= Prompt =
Restate each entry word for word, leaving nothing out.

= Extracted material =
((
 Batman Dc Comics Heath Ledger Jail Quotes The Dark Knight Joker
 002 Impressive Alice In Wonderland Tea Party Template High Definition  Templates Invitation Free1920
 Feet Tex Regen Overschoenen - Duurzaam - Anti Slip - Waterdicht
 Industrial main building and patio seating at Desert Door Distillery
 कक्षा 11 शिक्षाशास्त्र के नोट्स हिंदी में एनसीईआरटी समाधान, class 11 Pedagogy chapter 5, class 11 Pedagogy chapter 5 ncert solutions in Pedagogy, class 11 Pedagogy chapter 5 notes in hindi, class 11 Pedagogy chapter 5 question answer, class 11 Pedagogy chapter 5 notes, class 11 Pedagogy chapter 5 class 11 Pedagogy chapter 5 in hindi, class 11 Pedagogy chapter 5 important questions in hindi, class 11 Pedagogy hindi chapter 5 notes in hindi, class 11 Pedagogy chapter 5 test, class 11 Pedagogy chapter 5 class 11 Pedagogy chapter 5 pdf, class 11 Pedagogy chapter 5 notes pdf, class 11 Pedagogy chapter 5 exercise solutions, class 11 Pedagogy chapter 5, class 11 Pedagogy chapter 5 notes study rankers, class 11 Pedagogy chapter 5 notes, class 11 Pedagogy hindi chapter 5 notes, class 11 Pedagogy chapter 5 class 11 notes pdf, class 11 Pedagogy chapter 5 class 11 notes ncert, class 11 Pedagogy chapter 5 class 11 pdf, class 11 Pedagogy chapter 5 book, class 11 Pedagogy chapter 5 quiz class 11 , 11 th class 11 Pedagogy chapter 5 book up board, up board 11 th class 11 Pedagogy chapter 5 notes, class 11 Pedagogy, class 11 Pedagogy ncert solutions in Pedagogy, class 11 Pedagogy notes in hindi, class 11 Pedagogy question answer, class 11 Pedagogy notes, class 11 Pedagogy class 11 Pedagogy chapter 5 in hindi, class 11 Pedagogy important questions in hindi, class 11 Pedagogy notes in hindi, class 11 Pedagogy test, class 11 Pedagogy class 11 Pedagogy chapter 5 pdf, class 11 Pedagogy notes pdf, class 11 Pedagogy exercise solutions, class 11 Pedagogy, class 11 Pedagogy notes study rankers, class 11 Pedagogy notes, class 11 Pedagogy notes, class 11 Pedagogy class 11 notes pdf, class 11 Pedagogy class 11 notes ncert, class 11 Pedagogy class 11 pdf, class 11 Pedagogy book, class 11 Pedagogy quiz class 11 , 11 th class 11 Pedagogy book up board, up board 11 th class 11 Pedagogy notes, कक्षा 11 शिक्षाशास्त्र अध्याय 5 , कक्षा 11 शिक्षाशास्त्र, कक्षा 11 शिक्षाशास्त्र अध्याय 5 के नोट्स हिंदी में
))
= Result =
 Batman Dc Comics Heath Ledger Jail Quotes The Dark Knight Joker
 002 Impressive Alice In Wonderland Tea Party Template High Definition  Templates Invitation Free1920
 Feet Tex Regen Overschoenen - Duurzaam - Anti Slip - Waterdicht
 Industrial main building and patio seating at Desert Door Distillery
 कक्षा 11 शिक्षाशास्त्र के नोट्स हिंदी में एनसीईआरटी समाधान, class 11 Pedagogy chapter 5, class 11 Pedagogy chapter 5 ncert solutions in Pedagogy, class 11 Pedagogy chapter 5 notes in hindi, class 11 Pedagogy chapter 5 question answer, class 11 Pedagogy chapter 5 notes, class 11 Pedagogy chapter 5 class 11 Pedagogy chapter 5 in hindi, class 11 Pedagogy chapter 5 important questions in hindi, class 11 Pedagogy hindi chapter 5 notes in hindi, class 11 Pedagogy chapter 5 test, class 11 Pedagogy chapter 5 class 11 Pedagogy chapter 5 pdf, class 11 Pedagogy chapter 5 notes pdf, class 11 Pedagogy chapter 5 exercise solutions, class 11 Pedagogy chapter 5, class 11 Pedagogy chapter 5 notes study rankers, class 11 Pedagogy chapter 5 notes, class 11 Pedagogy hindi chapter 5 notes, class 11 Pedagogy chapter 5 class 11 notes pdf, class 11 Pedagogy chapter 5 class 11 notes ncert, class 11 Pedagogy chapter 5 class 11 pdf, class 11 Pedagogy chapter 5 book, class 11 Pedagogy chapter 5 quiz class 11 , 11 th class 11 Pedagogy chapter 5 book up board, up board 11 th class 11 Pedagogy chapter 5 notes, class 11 Pedagogy, class 11 Pedagogy ncert solutions in Pedagogy, class 11 Pedagogy notes in hindi, class 11 Pedagogy question answer, class 11 Pedagogy notes, class 11 Pedagogy class 11 Pedagogy chapter 5 in hindi, class 11 Pedagogy important questions in hindi, class 11 Pedagogy notes in hindi, class 11 Pedagogy test, class 11 Pedagogy class 11 Pedagogy chapter 5 pdf, class 11 Pedagogy notes pdf, class 11 Pedagogy exercise solutions, class 11 Pedagogy, class 11 Pedagogy notes study rankers, class 11 Pedagogy notes, class 11 Pedagogy notes, class 11 Pedagogy class 11 notes pdf, class 11 Pedagogy class 11 notes ncert, class 11 Pedagogy class 11 pdf, class 11 Pedagogy book, class 11 Pedagogy quiz class 11 , 11 th class 11 Pedagogy book up board, up board 11 th class 11 Pedagogy notes, कक्षा 11 शिक्षाशास्त्र अध्याय 5 , कक्षा 11 शिक्षाशास्त्र, कक्षा 11 शिक्षाशास्त्र अध्याय 5 के नोट्स हिंदी में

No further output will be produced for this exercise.